In your speech from 2015 in Krakow, you discuss whether DevOps is a fad or a buzzword exploited by marketing and HR. While doing this you refer to the Gartner Hype Cycle. Having this graph in mind, where do you think we can put Kubernetes in 2019?
It’s a tough one. I think for large enterprises, Kubernetes is really at the slope of enlightenment right now. They’ve gone through the pain of customizing it and installing it, and updating their applications. There’s another part of Kubernetes, which is that it’s not just enough to have Kubernetes; you also have to have what we call “cloud native applications.” You have to have applications that behave well in a containerized world. I think large enterprises are really starting to see the benefits of this now. They’ve spent the past two or three years building cloud-native applications (or rewriting existing applications to be cloud native) and really understanding Kubernetes at scale. I think for small and mid-size startups, they’re still at the peak of inflated expectations, and about to hit the trough of disillusionment.
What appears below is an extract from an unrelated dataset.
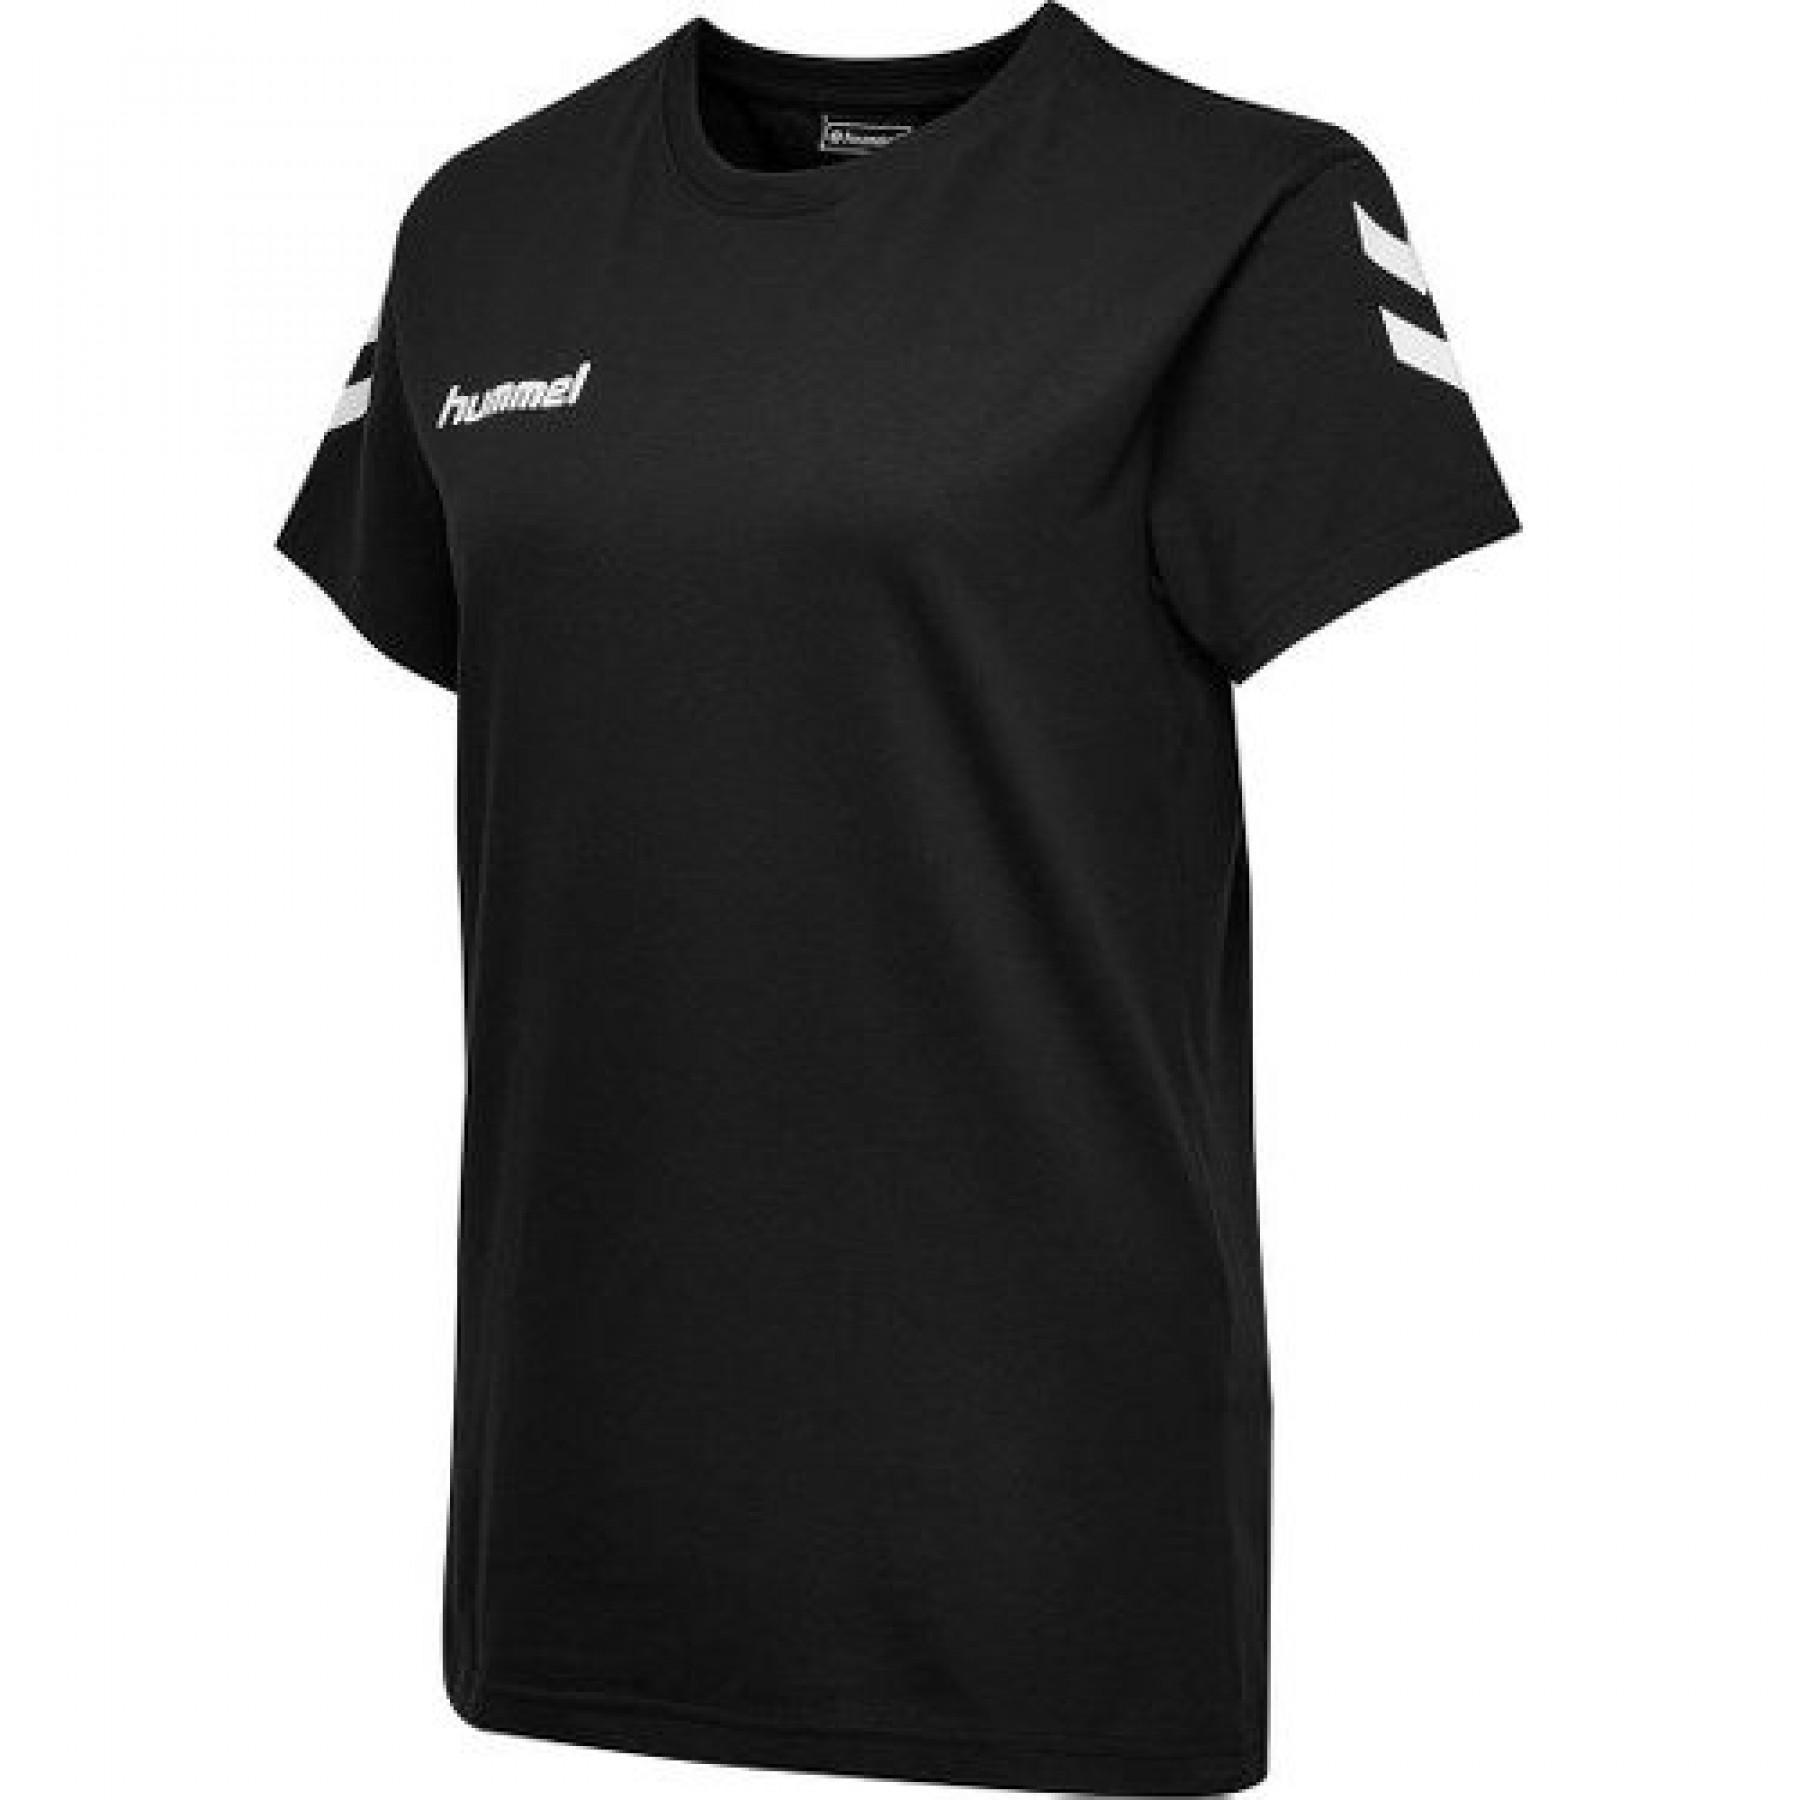 T-Shirt woman Hummel Hmlgo

I saw this amazing tweet where there’s a little toy truck on the back of a huge flatbed truck and it says “This is my blog on Kubernetes.” I think it’s really accurate. I think there’s a lot of startups that are looking at this, and they think they need Kubernetes. You’re not at a scale yet where it makes sense. If you have two microservices, Kubernetes brings along 100. You’ve increased your number of services by 2,000 percent for no real benefit (n.b. exaggeration). If you look at the Gartner Hype Cycle, I would say the large companies are getting a lot of benefit out of it, and that small and midsize companies are slowly realizing that the burden of maintaining a cluster isn’t necessarily worth the uptime and auto-restarting, and all the stuff that comes with it.
This goes back to our earlier conversation, too: When does it make sense to have an SRE? I think Kubernetes doesn’t make sense until it also makes sense to have dedicated SREs. Someone has to keep Kubernetes up and running. If you’re using a cloud provider, — something that’s managed and has uptime — I think that pushes Kubernetes a little bit to the right, even if you’re a small startup. It’s also worth noting that the costs of those services are high. The average Kubernetes cluster is at minimum $300 a month across all the clouds for a small company, and you could run on a VM for a third of that cost. Again, going back to budgeting and funding, there are benefits, but you really have to figure out whether it is worth it.
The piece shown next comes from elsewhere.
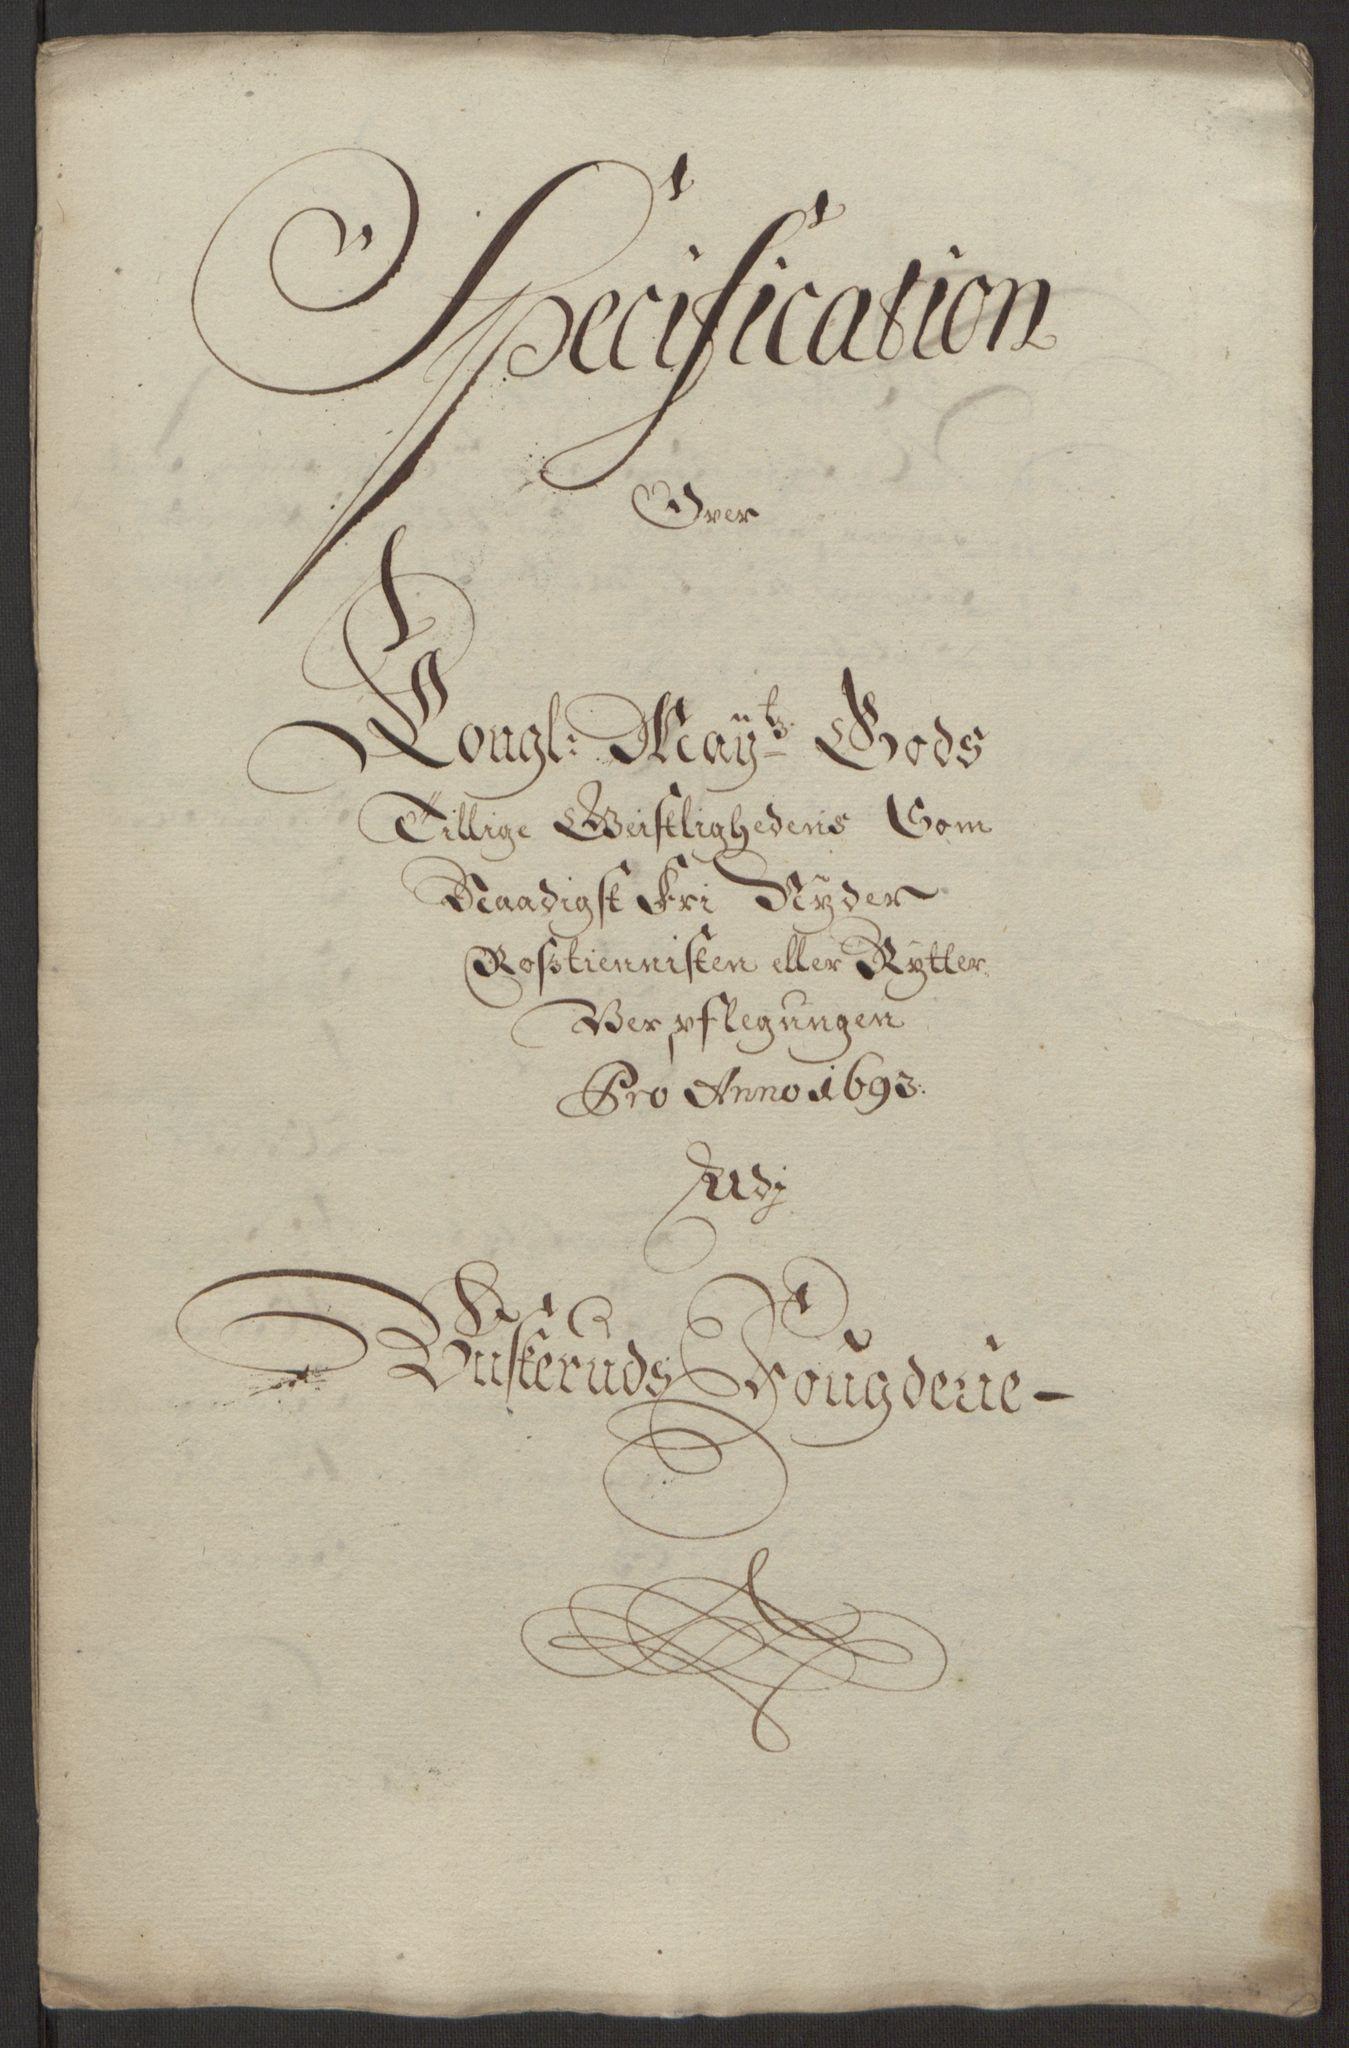 RA, Rentekammeret inntil 1814, Reviderte regnskaper, Fogderegnskap, R25/L1682: Fogderegnskap Buskerud, 1693, s. 232

Being a developer advocate, you talk to a lot of practitioners, but I’m sure you also get a lot of feedback from senior software developers and people working in business-related roles. What are the most common concerns when it comes to software deliverability, maintenance and scalability that you hear about from them?
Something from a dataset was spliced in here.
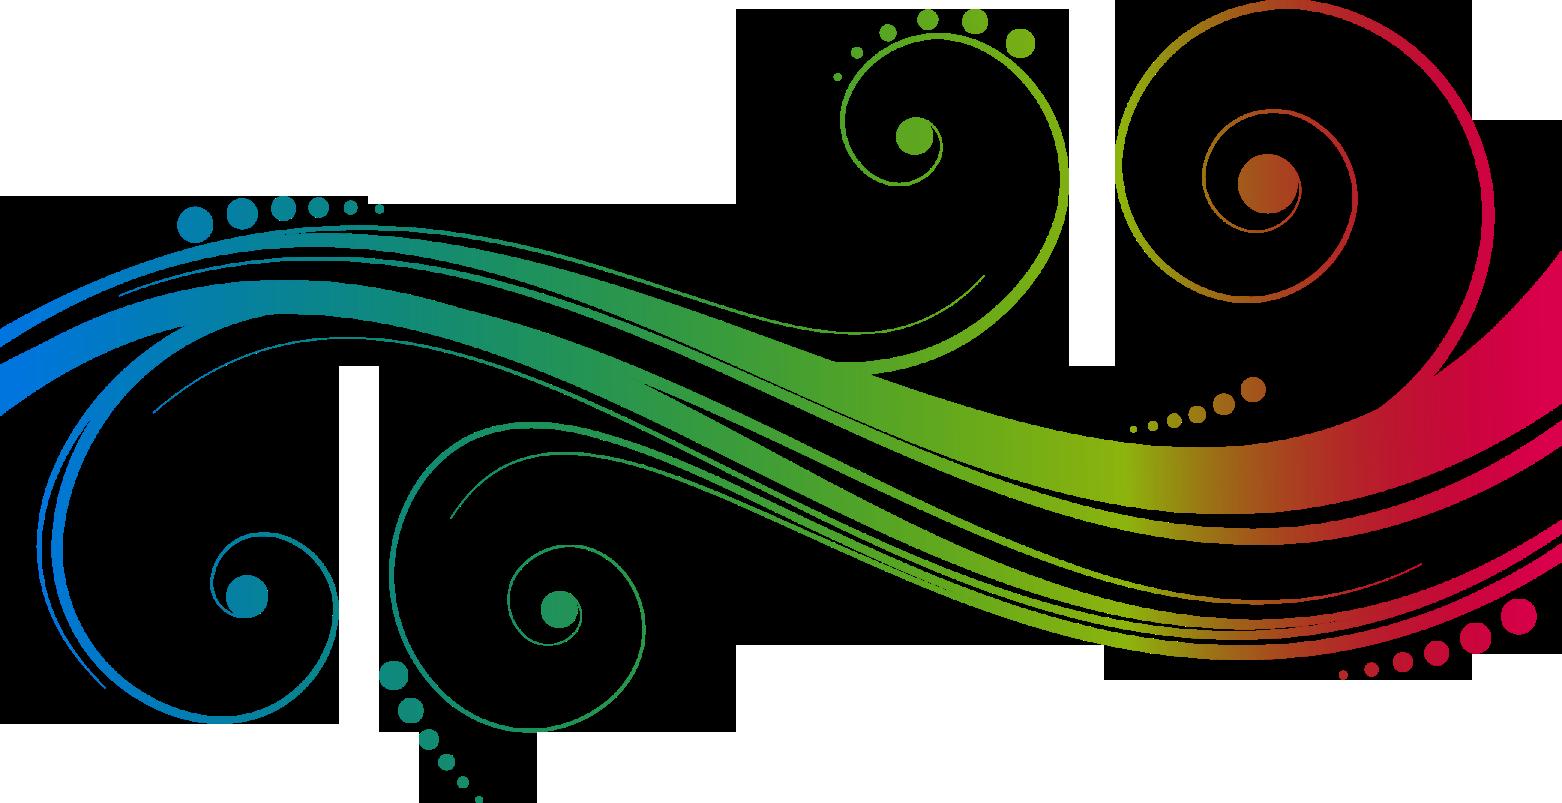 1562x803 15 Vector Swirls Png For Free Download On Mbtskoudsalg

Product teams generally have a difficult time understanding reliability. Many product owners tend to have a “where’s my feature?” attitude. Bug fixes and improving reliability is not something very high on their radar. This is where error budgets and the SRE model come in. If product owners had their way, you would just ship your features all the time. But the SREs need to be able to push back and say, “The last 10 features you delivered were great, but they have some bugs. If you keep delivering features that have bugs, eventually the system is going to become too unreliable.”